A novel SMARCAL1 mutation associated with a mild phenotype of Schimke immuno-osseous dysplasia (SIOD)
1 Unit of Pediatric Nephrology, University Hospital “Policlinico Consorziale - Giovanni XXIII”, Bari, Italy
2 Center for Renal Immunopathology, Molecular Diagnostics and Regenerative Medicine, Bari-Foggia, Italy
3 Unit of Nephrology, Dialysis and Transplantation, Department of Emergency and Organ Transplantation - University “Aldo Moro”, Bari, Italy
BMC Nephrology 2014, 15:41 doi:10.1186/1471-2369-15-41Published: 3 March 2014
Schimke immuno-osseous dysplasia (SIOD, OMIM #242900) is an autosomal-recessive pleiotropic disorder characterized by spondyloepiphyseal dysplasia, renal dysfunction and T-cell immunodeficiency. SIOD is caused by mutations in the gene SMARCAL1.

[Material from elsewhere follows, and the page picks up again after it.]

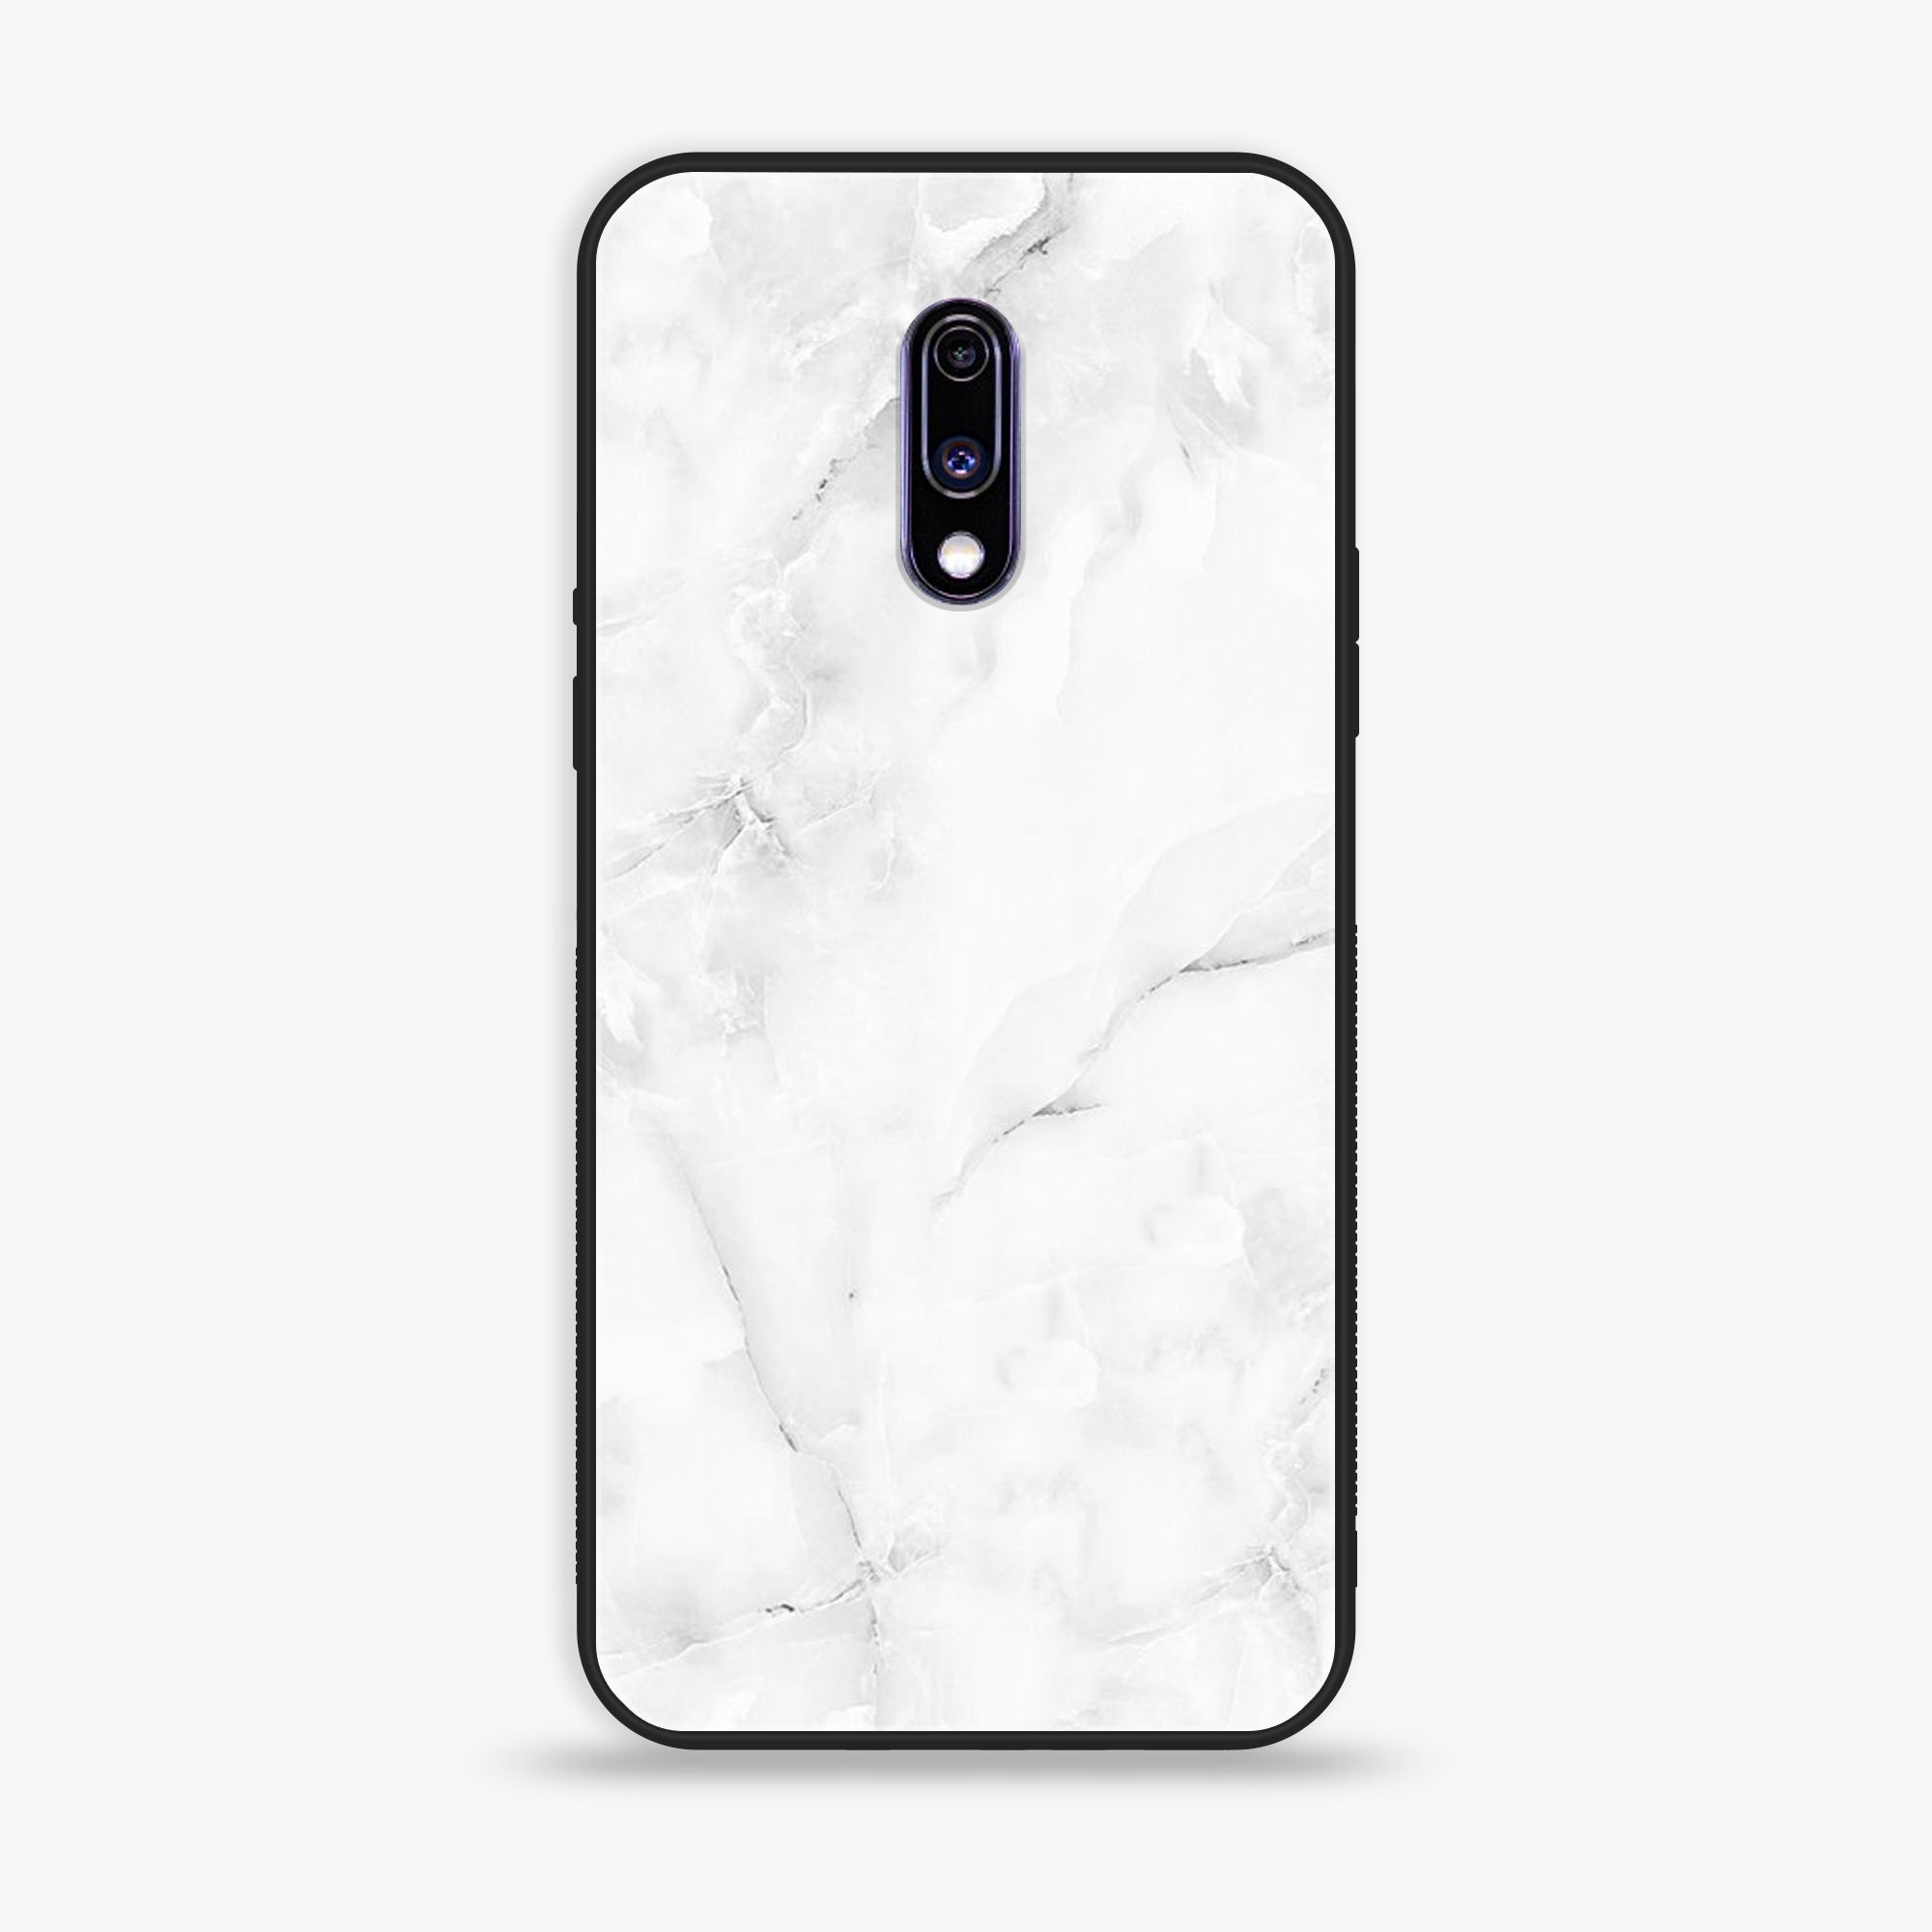 OnePlus 7 - White Marble Series - Premium Printed Glass soft Bumper shock Proof Case

We report the clinical and genetic diagnosis of a 5-years old girl with SIOD, referred to our Center because of nephrotic-range proteinuria occasionally detected during the follow-up for congenital hypothyroidism. Mutational analysis of SMARCAL1 gene was performed by polymerase chain reaction (PCR) and bidirectional sequencing. Sequence analysis revealed that patient was compound heterozygous for two SMARCAL1 mutations: a novel missense change (p.Arg247Pro) and a well-known nonsense mutation (p.Glu848*).
This report provided the clinical and genetic description of a mild phenotype of Schimke immuno-osseous dysplasia associated with nephrotic proteinuria, decreasing after combined therapy with ACE inhibitors and sartans. Our experience highlighted the importance of detailed clinical evaluation, appropriate genetic counseling and molecular testing, to provide timely treatment and more accurate prognosis.